Topics: Accessing Data: SQL
Today's lab focuses the most common database language, the Strutured Query Language (SQL). While we can access a database using only Python commands, it is useful to see the results in a graphical interface. A simple implementation of SQL database is sqlitebrowser. You can download it from:
http://sqlitebrowser.org
After you download it, you should be able to launch it directly by clicking on the 3 stacked circles. If you get a warning on a Mac, click on it while holding down the Control Key, and then choose "Open" from the menu.
sqlite is accepts SQL queries and commands but does not support server access (i.e. remote access from other machines). If you need this, a popular (and also free) option is mysql.
Many databases are "relational databases", meaning that the information is arranged around "relations" (tables) of data. This structure was introduced in 1970 by E.F. Codd at IBM, can be implemented very efficiently, and is very popular. Almost all relational databases can be accessed via the Structured Query Language (SQL).

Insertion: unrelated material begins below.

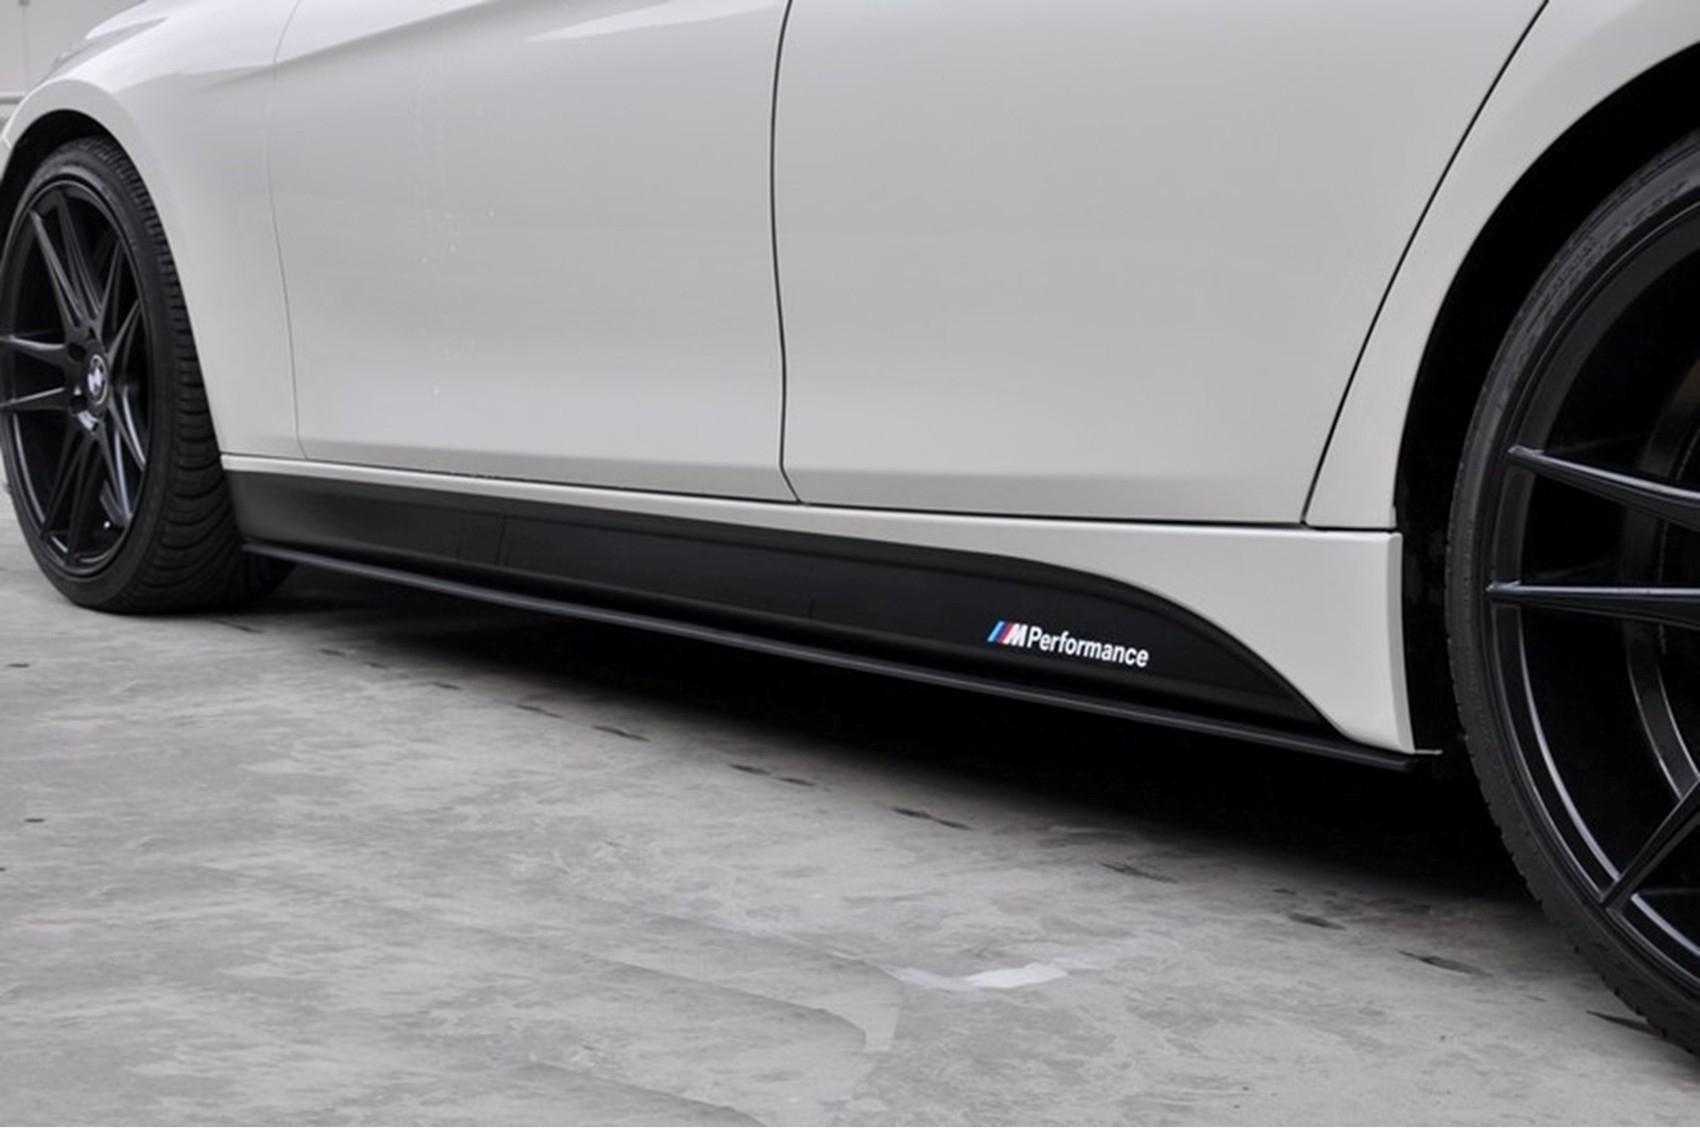 kit carrosserie complet pour bmw f30 2011 m performance. Black Bedroom Furniture Sets. Home Design Ideas

Let's set up a simple database to demonstrate relations. Our first database will hold information about people and where they live.
After you have entered in the names, click on "Write Changes" to save your entries.

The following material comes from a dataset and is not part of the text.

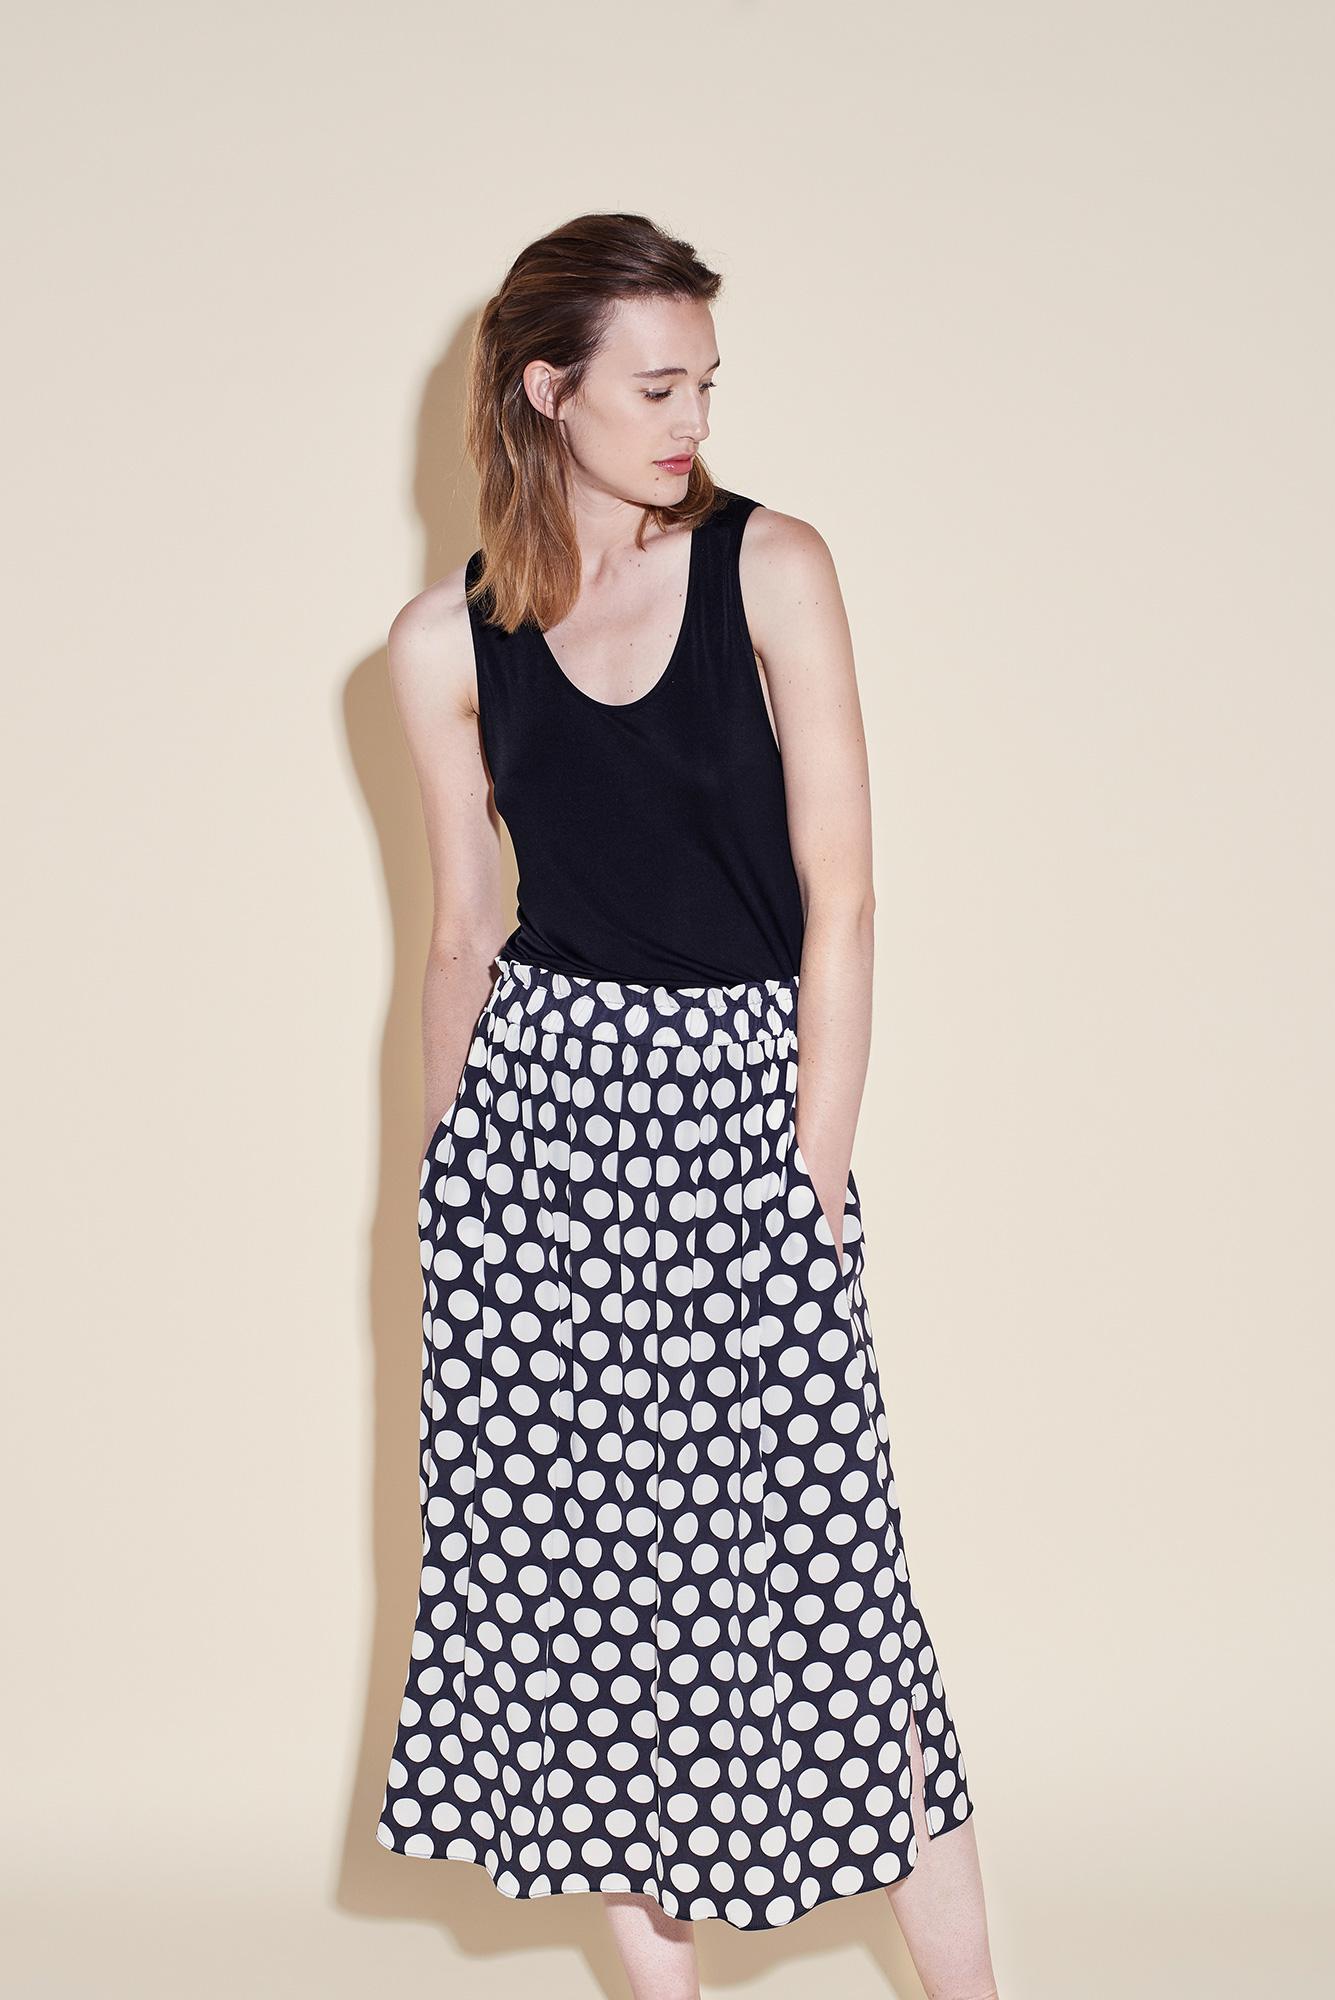 Long skirt crepe silk polka dots white tank top silk jersey black

Note: for larger amounts of data, there is an option to load in CSV files.
Once information is stored in a database, SQL allows "queries" (formatted questions) that return data. The simplest queries are of the form:
SELECT * FROM inhabits;To run this in sqlitebrowser, click "Execute SQL" from the second row of buttons. In the top text box, type the query above. When complete, click on the blue triangular run button (third row). In the lower box, you will see all elements ("*" is a wildcard that matches everything) from the table inhabits.
If you are only interested in certain attributes, say just the last names and cities, you can select only those:
SELECT LastName, CityName FROM inhabits;How would you just print out names and ages of the inhabitants?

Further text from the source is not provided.